Как хорошо, подумал вдруг Виктор, что обо мне никто никогда так не скажет. Никогда. Никогда не буду я ничьей гордостью и ничьей славой. И не хочу быть. На хер, на хер вашу сраную педагогику! Только дайте мне уйти тихо, без скандала - и больше вы обо мне не услышите!
- Зачем ты это делаешь? - спросил он у О., когда они вышли рука об руку с закрытого заседания педсовета. Почти обрученные. Обрученные педсоветом. Обрученные-обреченные. Не обрекаются, любя...
- А может, ты мне нравишься как мужчина, - кокетливо улыбнулась О., снизу вверх заглядывая ему в лицо. - Может, ты мне всегда нравился.
- И именно поэтому ты сама познакомила меня с К.?

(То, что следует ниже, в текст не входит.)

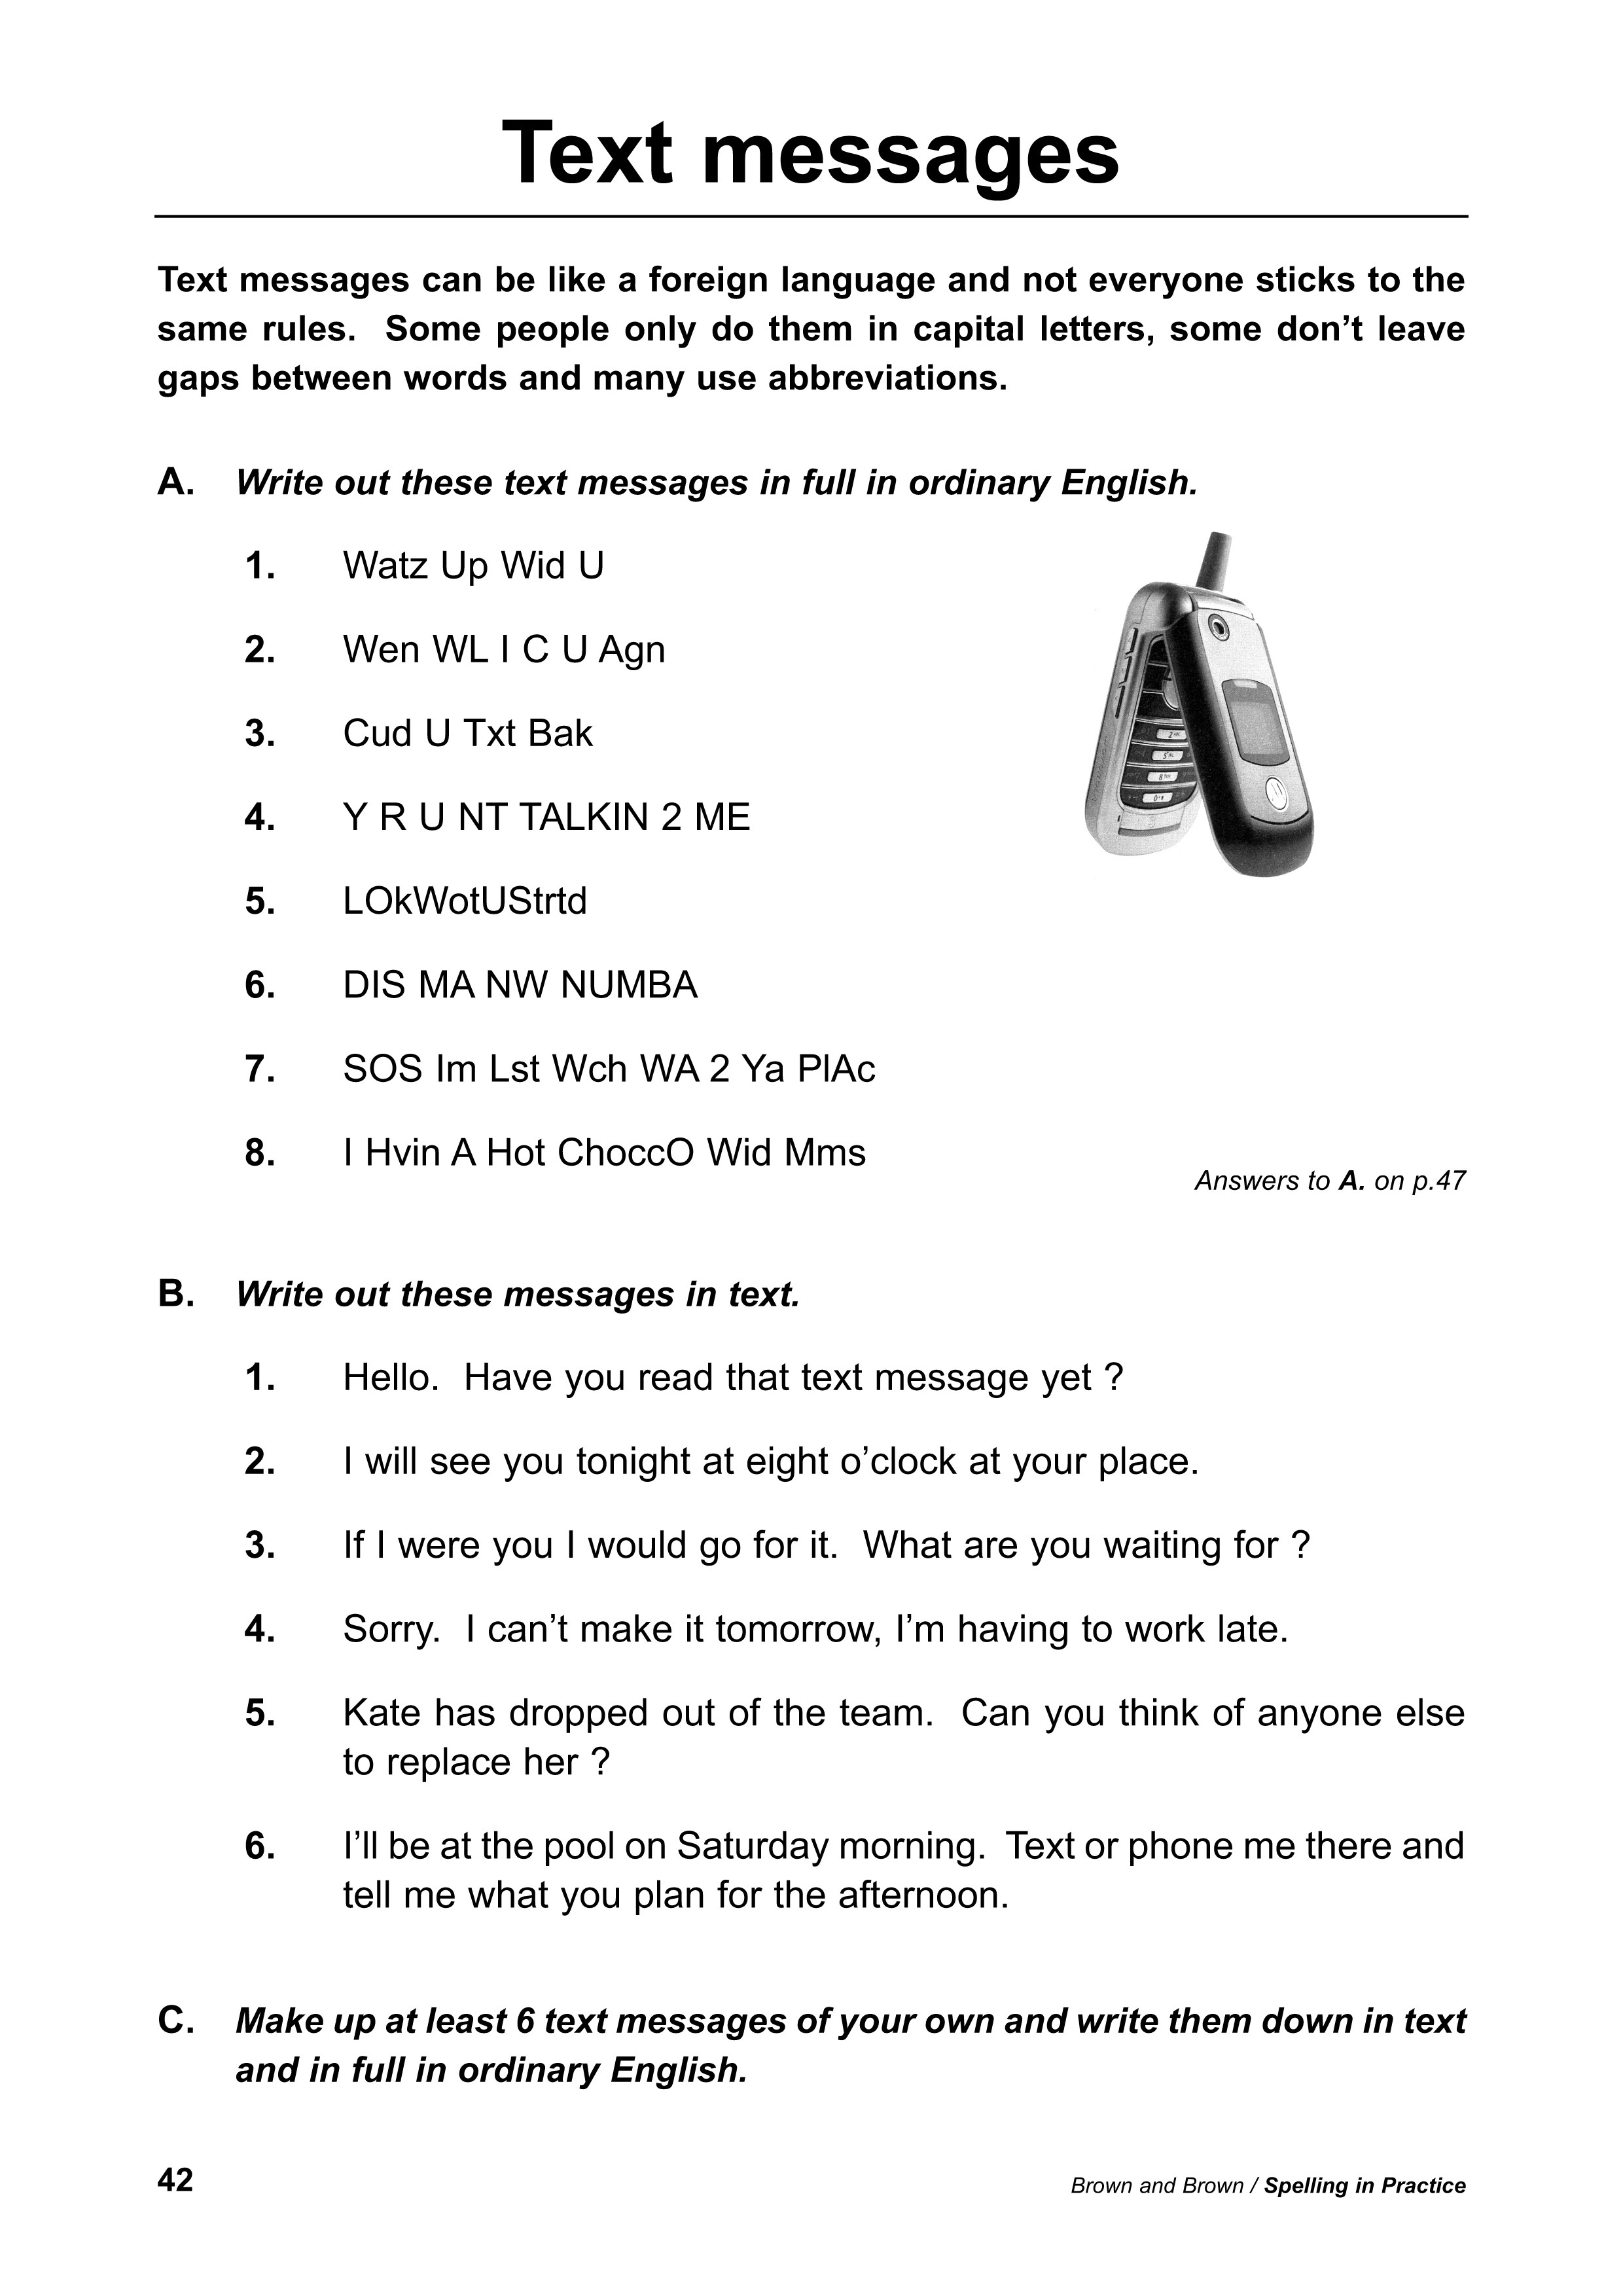 spelling practice worksheets for adults

- А что мне оставалось делать? Я же видела, как ты на нее смотришь, как ты мысленно раздеваешь ее, а она так прямо истекала от желания тебя получить. Ну и ладушки! Раз уж не можешь помешать, думаю, так лучше помоги. Хоть спасибо скажут.
- Спасибо.
- Ради бога, миленок! Е...тесь на здоровье!
- Ого!
- Да ладно тебе, Виктор Сергеевич! Будто никогда не слышал, как мы с К. обмениваемся при тебе любезностями. Она и не такое может завернуть.
- Она - да.
- А я не хуже. Ты просто привык на меня смотреть как на вечную подругу, старую деву, учительницу словесности, а я... Я женщина, Витя. Я просто женщина двадцати девяти лет от роду, не старая еще и не слишком уродливая, и я хочу получить от жизни свое - и поскольку мы живем, слава богу, не в XIX веке, я не стесняюсь говорить об этом и не боюсь называть вещи своими именами. Я знаю, что мужчина - глупый и ленивый самец, годный только для постели. Да и то не всякий. Такие, как ты, - редкость. Глупый, но не ленивый.
- Почему это глупый?
- Да вот хотя бы потому, что обижаешься. А зря обижаешься. Это самое лучше сочетание. Каждая женщина мечтала бы заполучить такое сокровище. Можно даже еще глупее - лишь бы не ленивее. Думаешь, нам, бабам, в постели интеллект нужен? Думаешь, я одна такая в нашей школе, которая хотела бы женить тебя на себе? Хочешь, я тебе поименно перечислю? Не хочешь? Зря, миленок, тебе бы понравилось...
Он смотрел на нее, будто видел впервые. Они беседовали не в безвоздушном пространстве. Они шли школьными коридорами во время перерыва между первой и второй сменами. Тут еще толклись остатки первой смены и прибывали, прибывали те, кому учиться во вторую. И все смотрели, пялились на них, двух учителей старших классов, все здоровались с ними, все прислушивались к тому, о чем они говорят. В другое время оба они нацепили бы маски педагогов и говорили бы о чем-нибудь отвлеченном, сугубо профессиональном. Но сегодня... Сегодня лицо О. раскраснелось, жесты ее были резки и уверенны, а речь звучала так, будто они не в священных стенах школы, а в кабаке.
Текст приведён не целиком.